При поверхностном знакомстве Хикок всем без исключения казался на удивление спокойным молодым человеком. Когда он не общался ни с кем и не спал, он лежал на койке с сигаретой или жевательной резинкой и читал журналы о спорте или дешевые ужастики. А часто просто валялся и насвистывал старые шлягеры («Должно быть, ты была красивой крошкой», «Тащусь я в Баффало»), глядя на лампочку без плафона, которая день и ночь горела под потолком. Он ненавидел монотонное созерцание лампочки; она мешала ему спать и, что гораздо важнее, ставила под угрозу срыва его прожект — бегство. Ибо заключенный был далеко не таким беззаботным, каким казался: он был готов на любой шаг, лишь бы «не качаться на Больших Качелях». Не сомневаясь в том, что именно таким будет исход суда, во всяком случае если заседания будут происходить в Канзасе, — он решил «сбежать, стырить тачку и поднять пылищу». Но прежде ему нужно было разжиться оружием; и в течение нескольких недель он делал «заточку» — инструмент, очень напоминающий нож для колки льда, — которая прекрасно могла бы вписаться в промежуток между лопатками заместителя шерифа. Детали оружия: кусок дерева и обрезок жесткой проволоки — когда-то были частью туалетного ершика, который он прибрал, разломал и спрятал под матрацем. Поздно ночью, когда тишину нарушали лишь храп и кашель да жалобные протяжные гудки поезда, грохочущего по магистрали через темный город, он затачивал проволоку о цементный пол камеры. И за работой обдумывал план побега.

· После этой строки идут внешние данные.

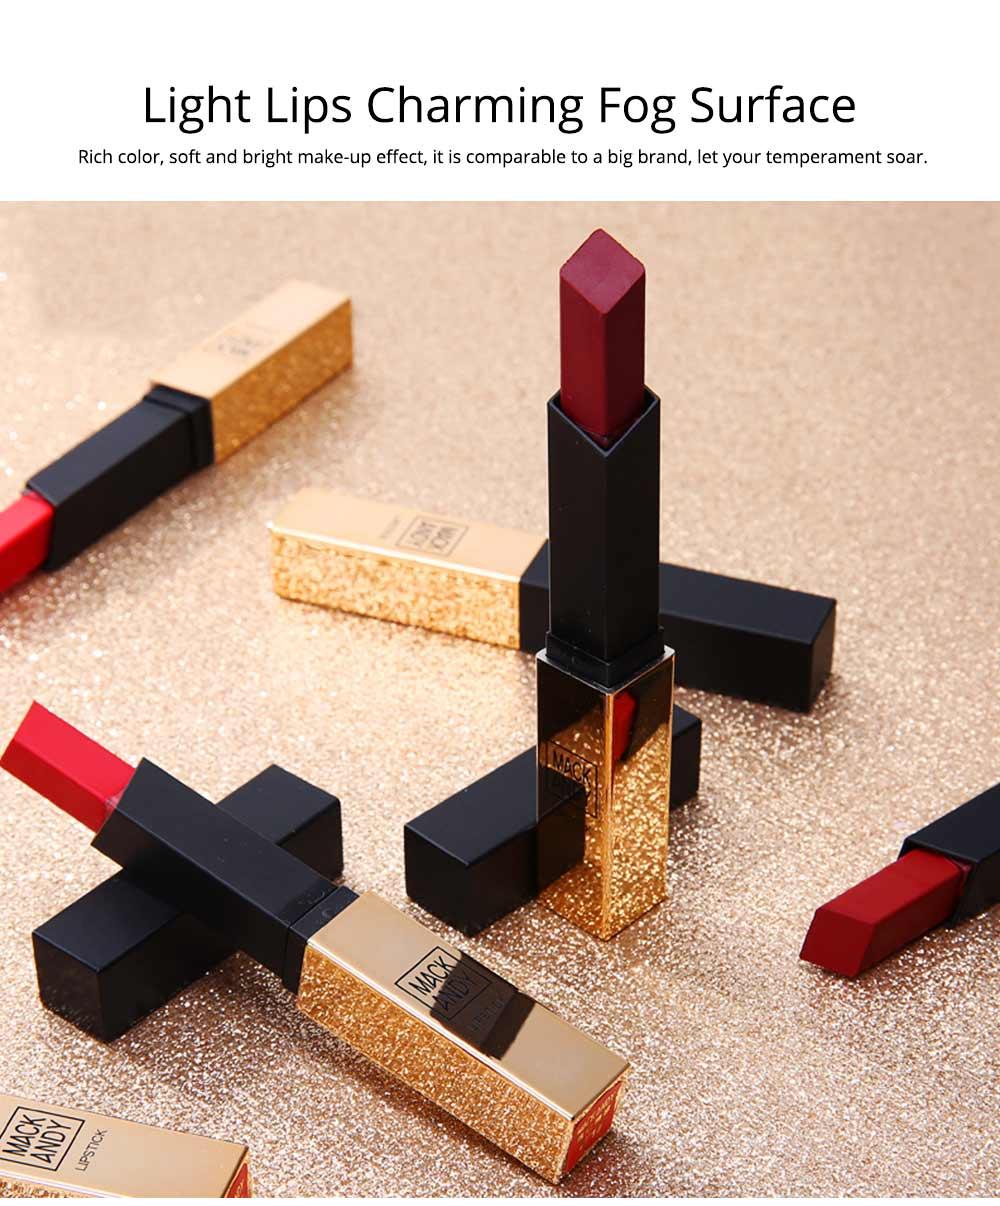 Matte Mist Face Lipstick with Little Gold Tube, Durable Light Stickiness Small Gold Bar Matte Lipstick for Girls 3
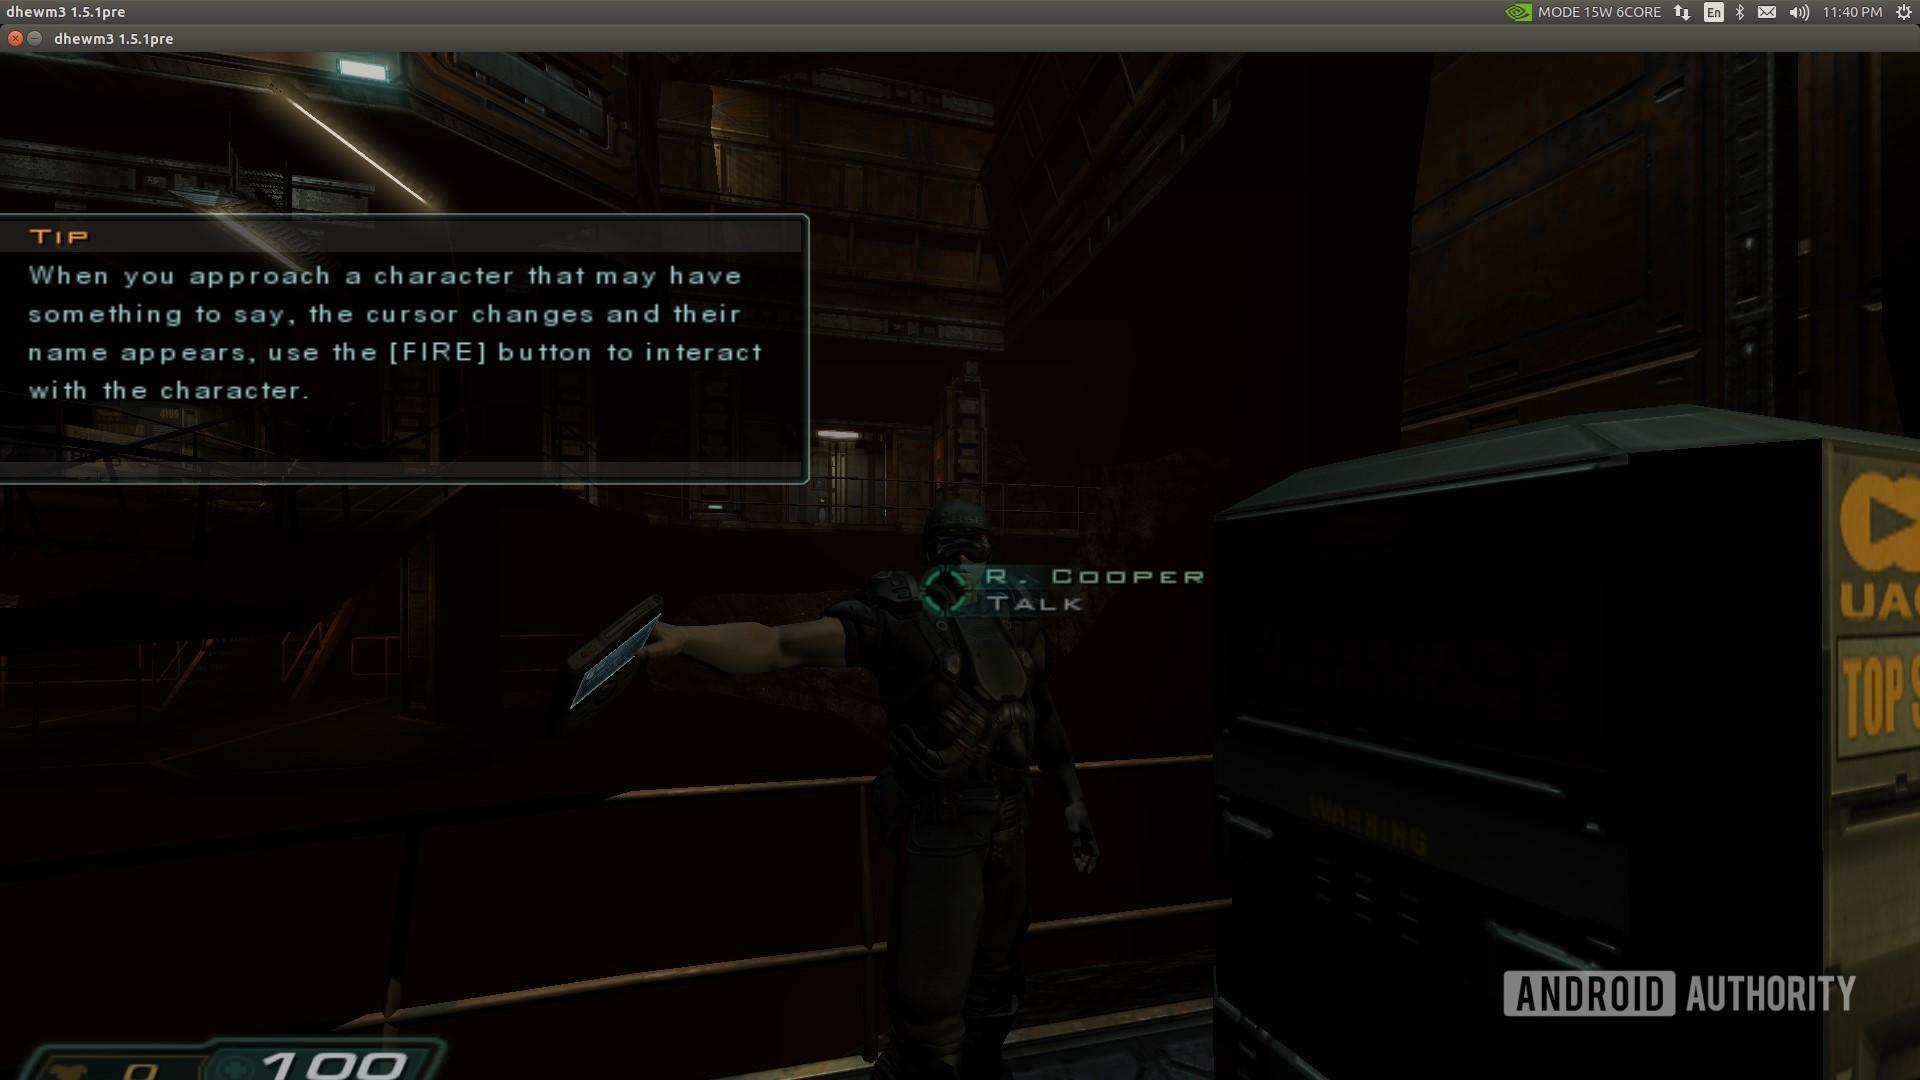 Jetson Xavier NX running Doom 3 in a window

Однажды, в первую зиму после того, как он закончил среднюю школу, Хикок проехал автостопом через Канзас и Колорадо:

— Я тогда искал работу. Ну, значит, еду я на грузовике, и из-за чего-то мы с водителем повздорили, из-за ерунды какой-то, и он мне врезал, а потом вытолкал из кабины. Просто оставил на дороге. Черт-те где в Скалистых горах. Шел мокрый снег, я тащился пешком, из носа у меня текла кровища, словно пятнадцать свиней зарезали. И вот добрался я до кучки домишек на лесистом склоне. Летние домики, все пустые, все заперты — не сезон. И я вломился в один из них. Там были дрова и всякие консервы, даже виски нашлось. Я залег там на недельку, и это было чуть ли не лучшее время в моей жизни. Хоть и нос у меня болел, и под глазами желтые с зеленым фонари. А когда снег прекратился, вышло солнце. Вы такого неба никогда не видели. Как в Мексике. Если бы в Мексике был климат похолоднее. Я пошарил в других домишках и нашел несколько копченых окороков, радиоприемник и винтовку. Вот это был класс! Целый день бродишь с винтовкой по лесу. Солнце в лицо. Черт, как мне было клево. Я чувствовал себя Тарзаном. И каждый вечер я ел бобы, жарил окорок, заворачивался в одеяло и засыпал у огня под музыку по радио. Никто туда не забредал. Держу пари, я мог бы там жить до самой весны.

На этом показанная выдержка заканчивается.